##### DATA EXTRACT #####

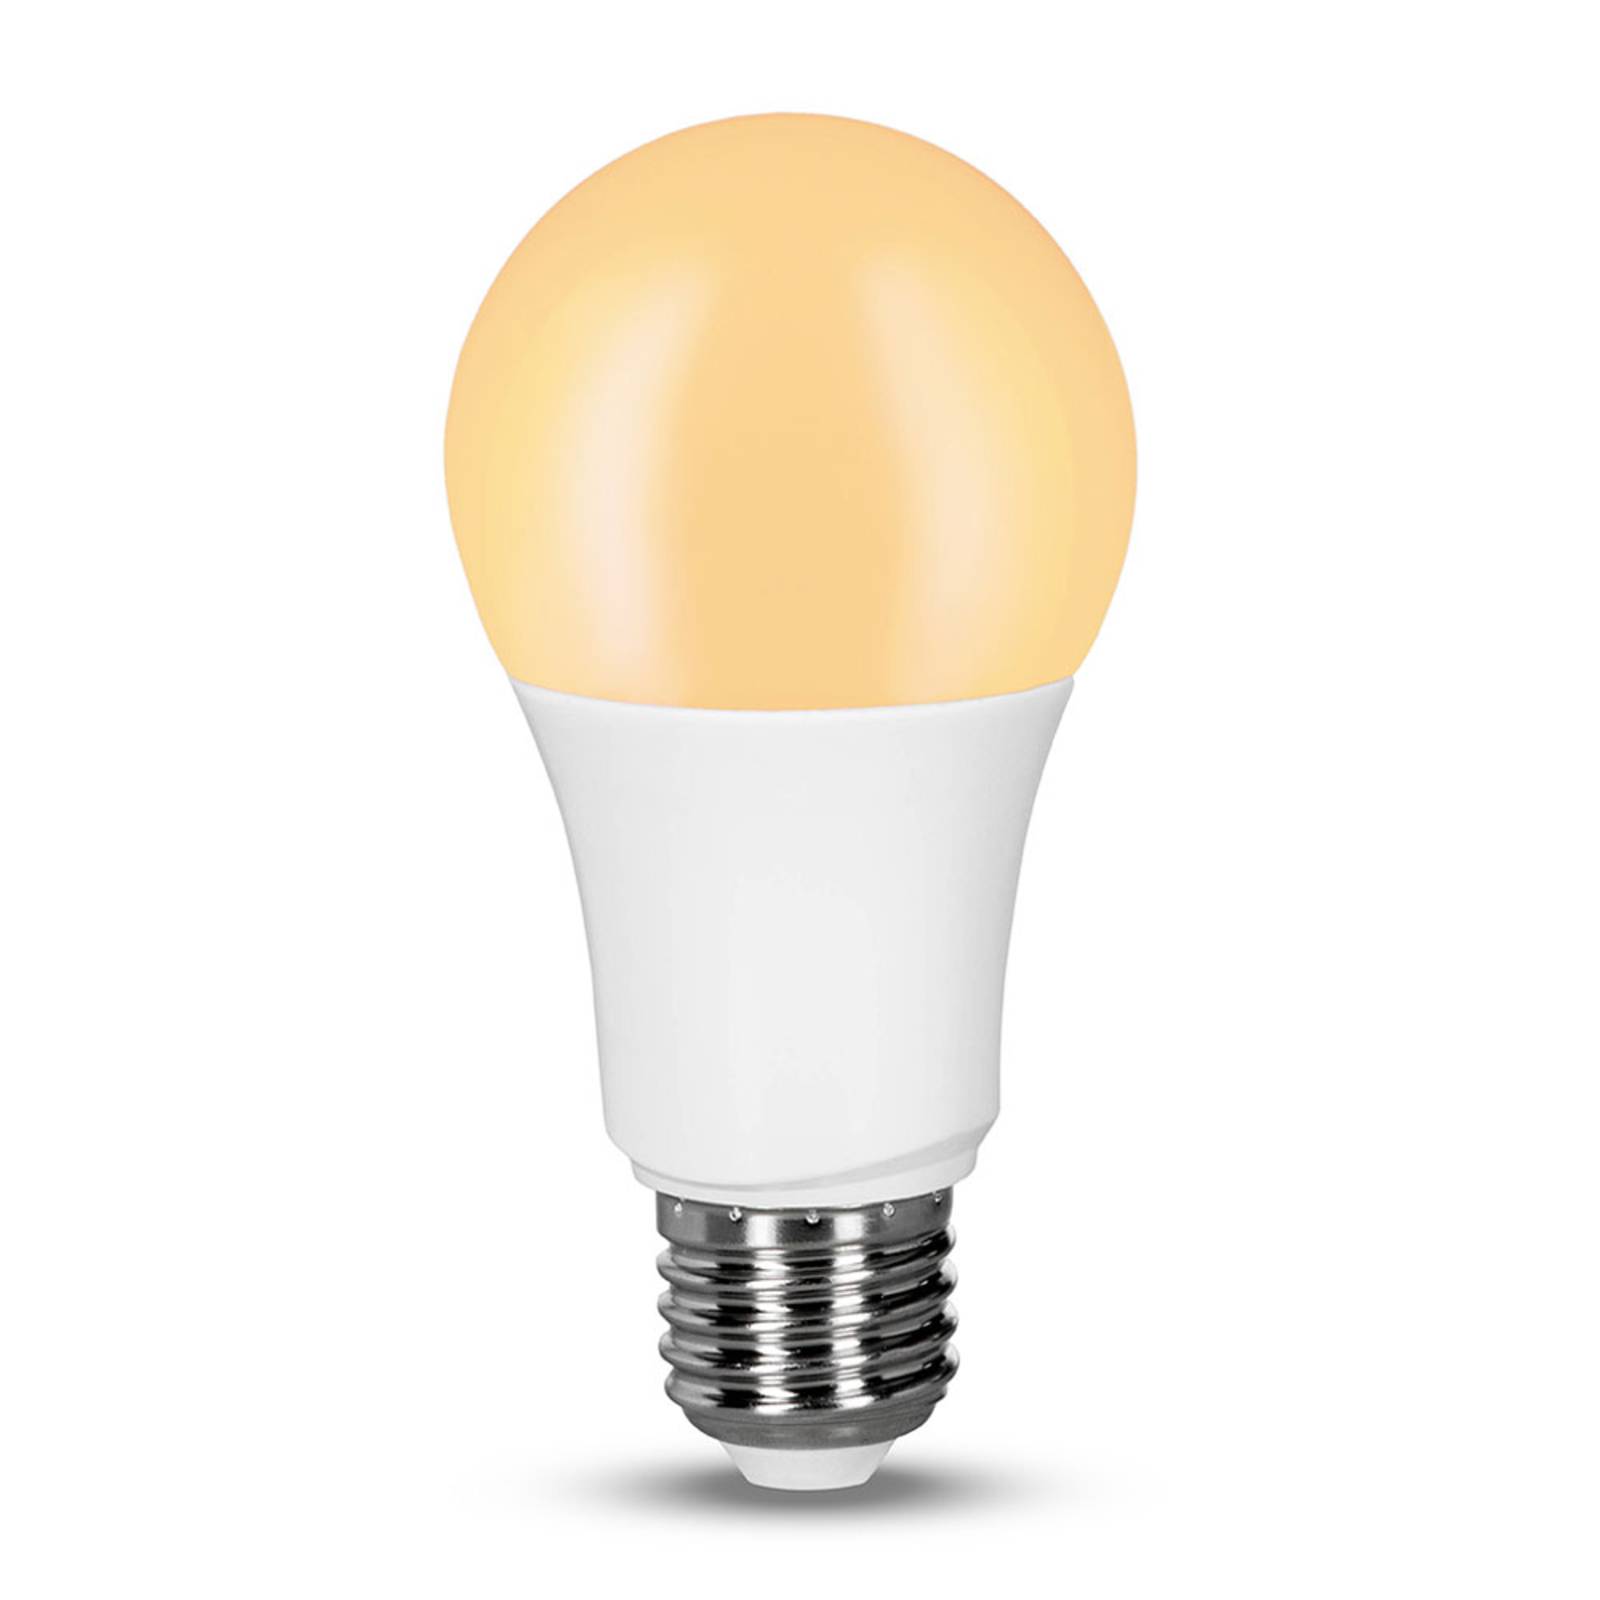 Müller Licht tint dimming LED-Lampe E27, 9W 2.700K
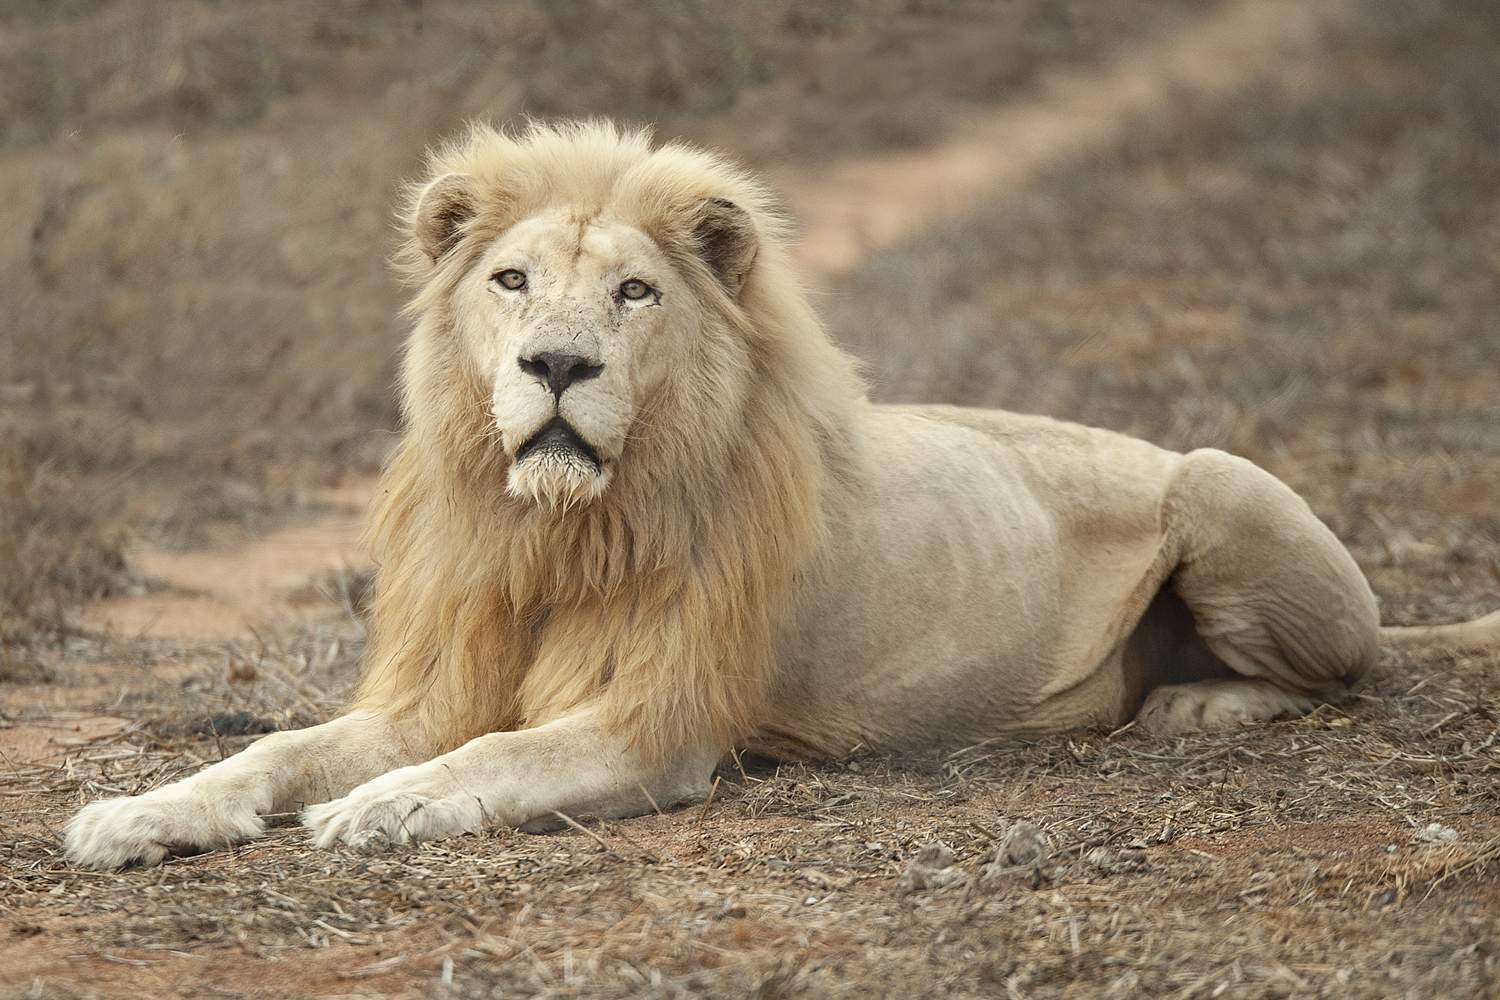 Regeus - Global White Lion Protection Trust
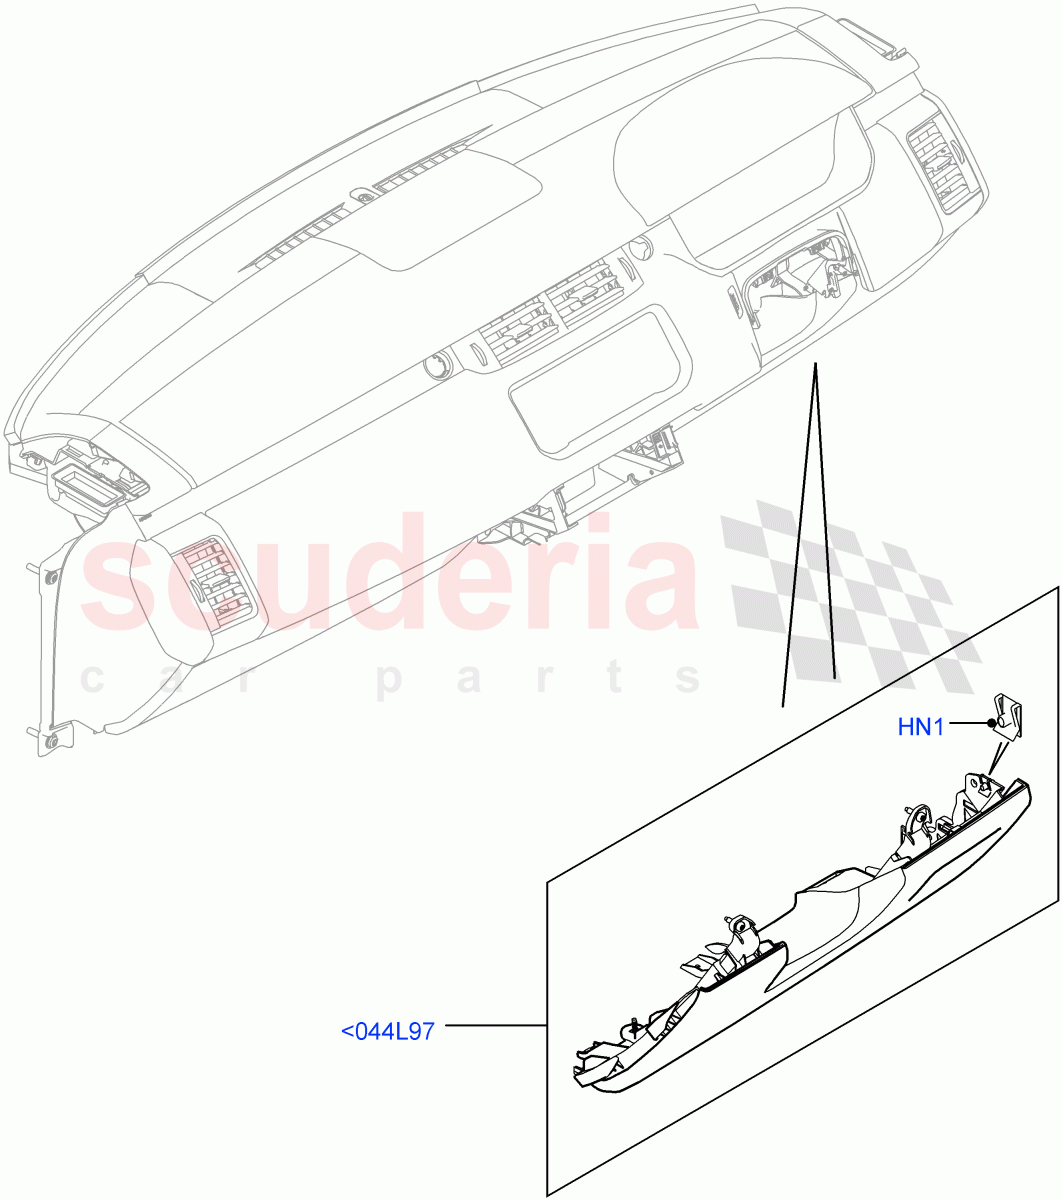 Instrument Panel(External, Lower) of Land Rover Land Rover Range Rover Sport (2014+) [3.0 DOHC GDI SC V6 Petrol]

#####

TASK TO CARRY OUT: Copy out, with no pictures, the lines from the one containing "Regeus - Global White Lion Protection Trust" through the last line of the data above, both ends included and each word unchanged.

RESPONSE BOX:
 Regeus - Global White Lion Protection Trust
 Instrument Panel(External, Lower) of Land Rover Land Rover Range Rover Sport (2014+) [3.0 DOHC GDI SC V6 Petrol]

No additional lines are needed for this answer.